The deep understanding of local culture, village-based agriculture and family traditions that she acquired in Ladakh are the subject of her most famous book ‘Ancient Futures: Learning from Ladakh’, which has been translated into more than 40 languages, and sold half a million copies. In 1986, she was awarded the Right Livelihood Award for “preserving the traditional culture and values of Ladakh against the onslaught of tourism and development.”
The award-winning documentary The Economics of Happiness (2011) is Helena’s masterpiece critique of the global economic system. The film shows the vast, meaningless, wasteful and polluting network of global trade where countries export and import the same goods, where food needlessly criss-crosses the globe, seeking locations where profits can be grafted from cheap labour, lax environmental standards and corrupt or non-existent oversight.
“What’s our favourite documentary of all time?

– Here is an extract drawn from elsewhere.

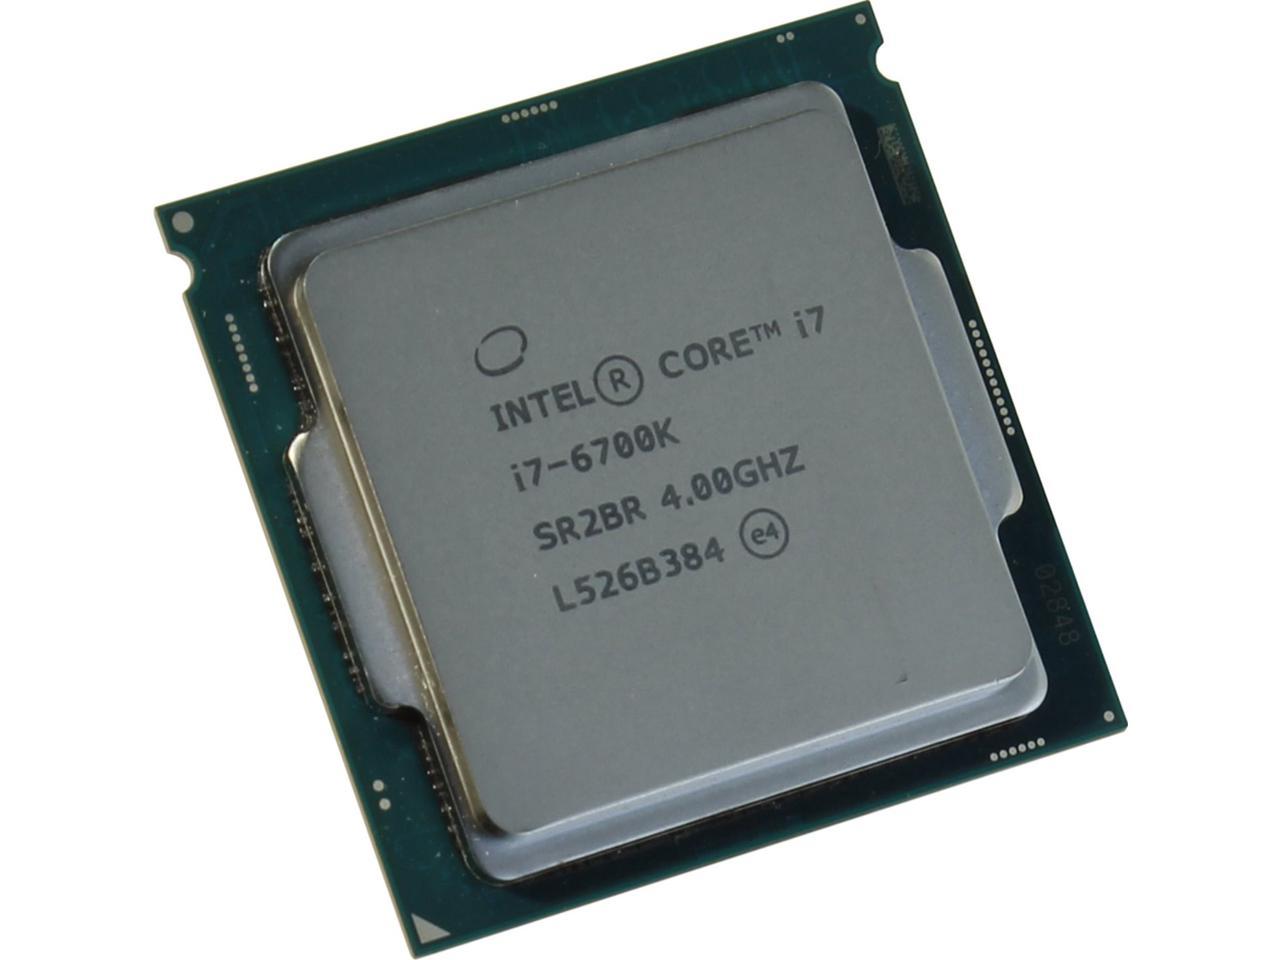 Intel 8 Mb Cach 3,40 Ghz Socket H4 Lga-1151-1 Mb Renewed Processore Core I7 I7-6700 Quad-core 4 Core

The one film we wish everyone could see? Hands down, this is it. It is truly one of the most important and useful films for inspiring change that has been made in a generation.”
– Films for Action –
The film warns of the social, spiritual, and ecological costs of today’s global economy and shows how people round the world are already taking steps to rebuild their local economies and communities by sourcing local food and goods and encouraging local production through Community Supported Agriculture, local markets and farm shops. The film has interviews with Vandana Shiva, Bill McKibben, David Korten, Samdhong Rinpoche, and other inspiring leaders and activists.
Helena’s most recent book, Local is Our Future (2019) describes how a systemic shift from a globalised economy towards a network of decentralised, localised economies could address the problems of economic inequality, the climate crisis and the mental illness epidemic. The book has received praise from a number of famous people including Bill McKibben, Douglas Rushkoff, David Suzuki, Charles Eisenstein and Alice Waters.
She lectures all over the world in English, Swedish, German, and Ladakhi, and occasionally in French, Spanish, and Italian. She has given lectures at Cambridge, Oxford, Harvard, Cornell and numerous other universities, she has addressed the parliaments in Germany, Sweden, and England, the White House and the US Congress, UNESCO, the World Bank, the European Commission, and the IMF. She also teaches regularly at Schumacher College in England, and leads workshops for community groups around the world working on localisation issues.
Over the years she has received numerous awards, including the Right Livelihood Award (aka the “Alternative Nobel Prize”), the Arthur Morgan Award and the Goi Peace Prize for contributing to “the revitalization of cultural and biological diversity, and the strengthening of local communities and economies worldwide.”
On June 30, 2023 she received the Environment Award at the Tignano Festival, Tuscany – Italy.